**What you should do:** Please write out all the data that follows exactly, without the pictures.

**Dataset section:**
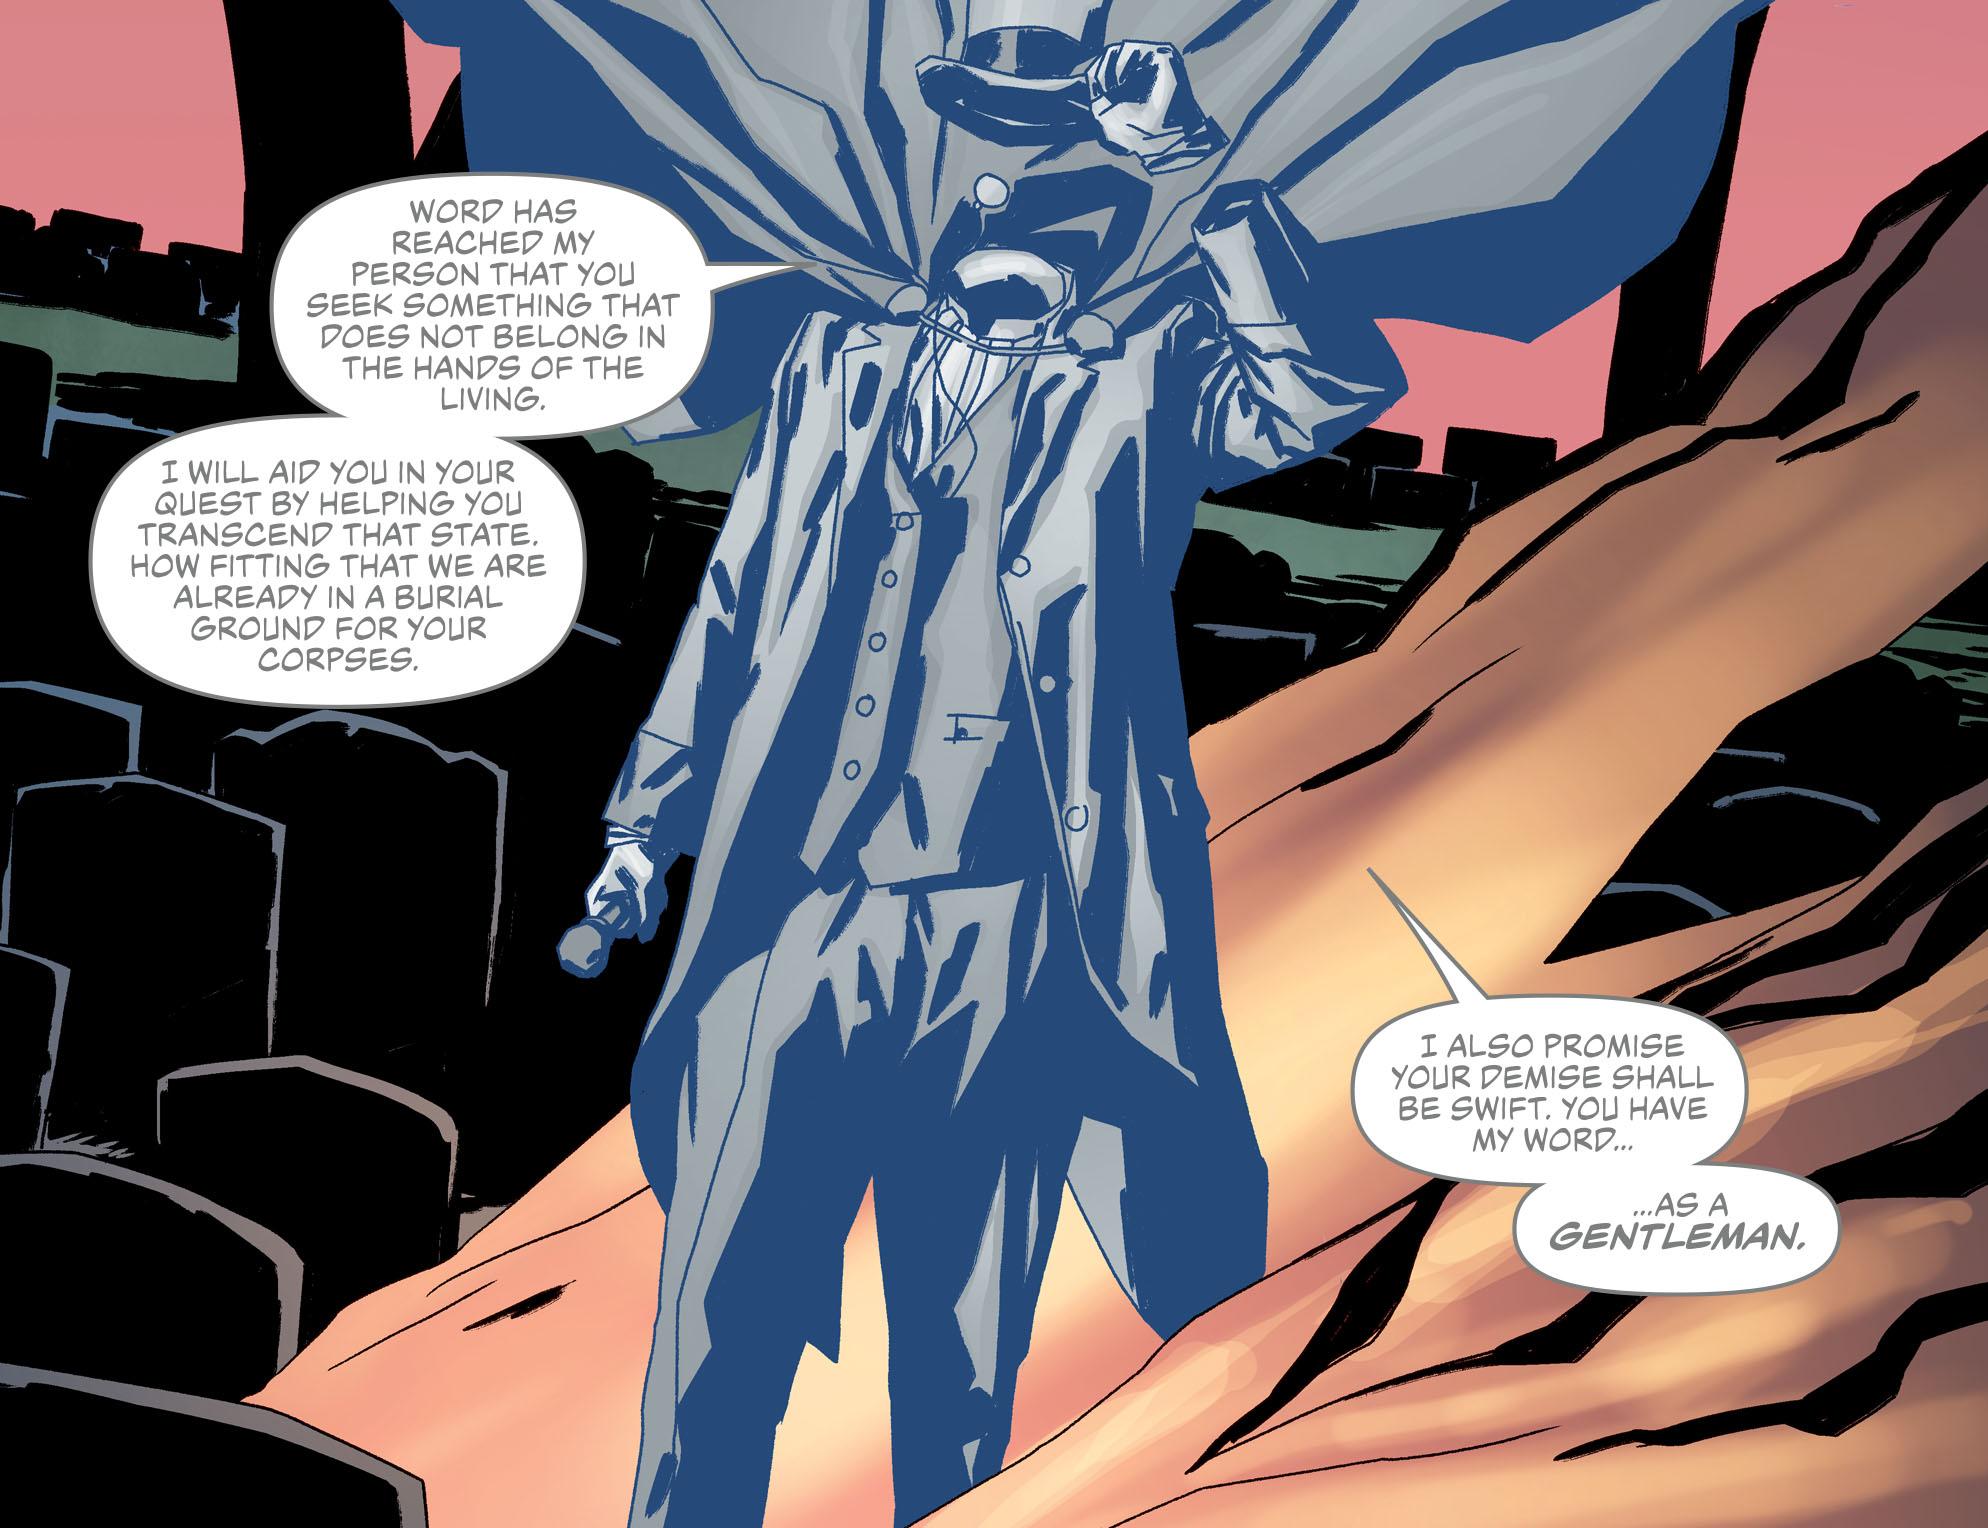 James Craddock (DC Animated Movie Universe)
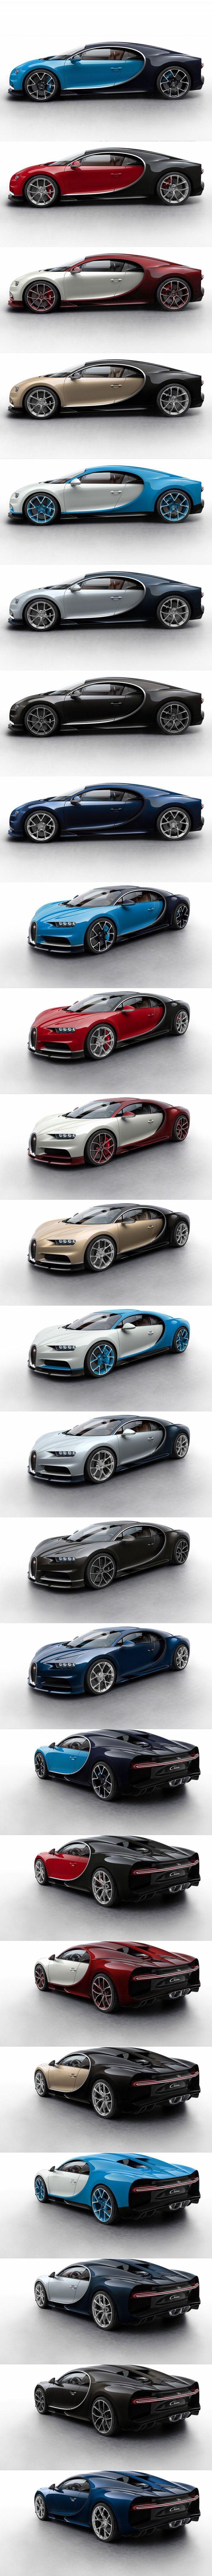 93472c8b10e06b63ea6f876b56968686--summer-days-bugatti-chiron Fascinating Gran Turismo Psp Bugatti Veyron Price Cars Trend
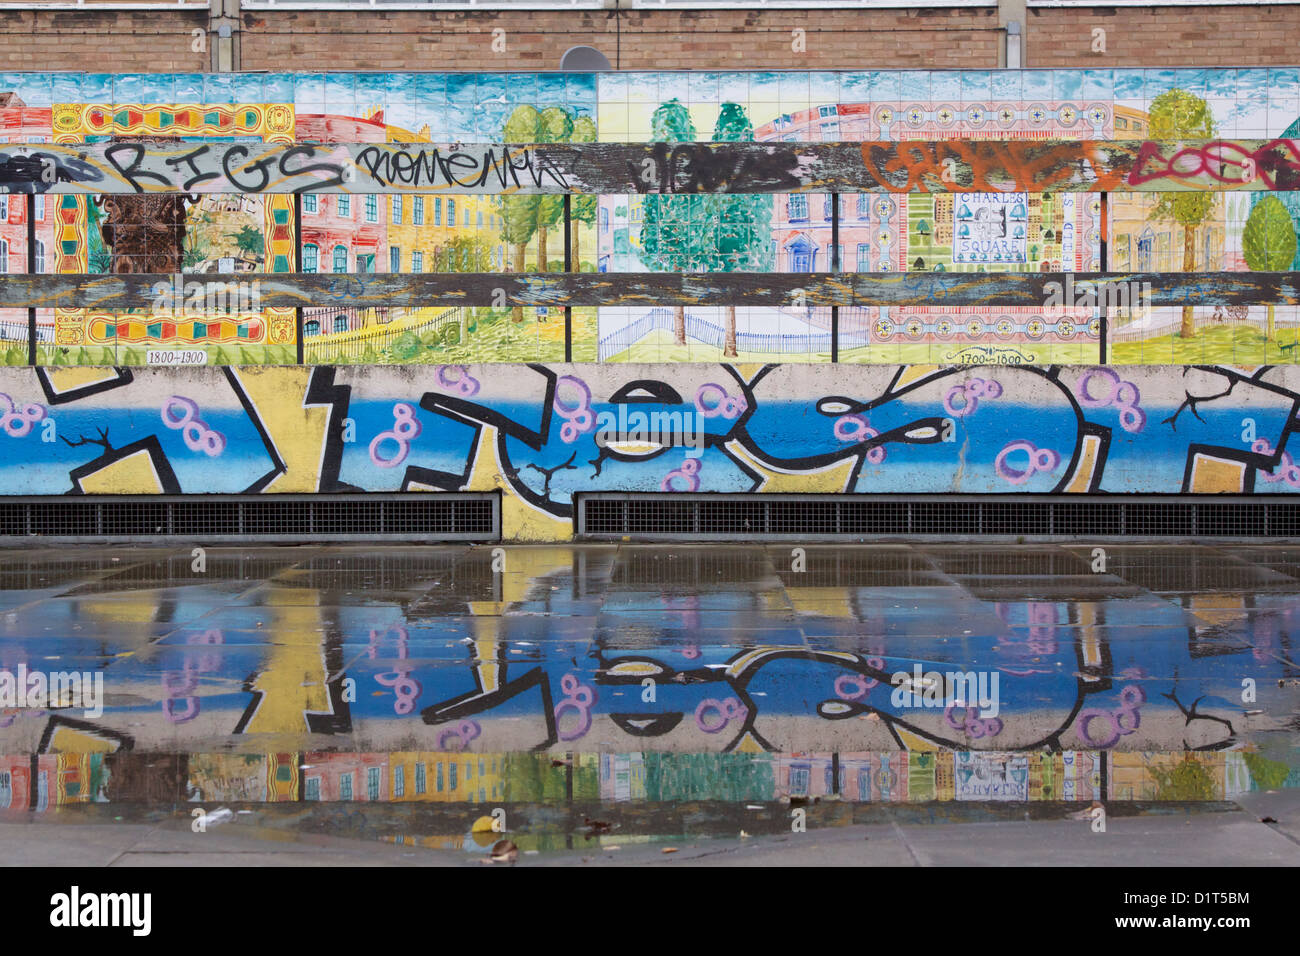 Graffiti wall uk - Graffiti Wall In Old Street East London England Uk

**Task solution:**
 James Craddock (DC Animated Movie Universe)
 93472c8b10e06b63ea6f876b56968686--summer-days-bugatti-chiron Fascinating Gran Turismo Psp Bugatti Veyron Price Cars Trend
 Graffiti wall uk - Graffiti Wall In Old Street East London England Uk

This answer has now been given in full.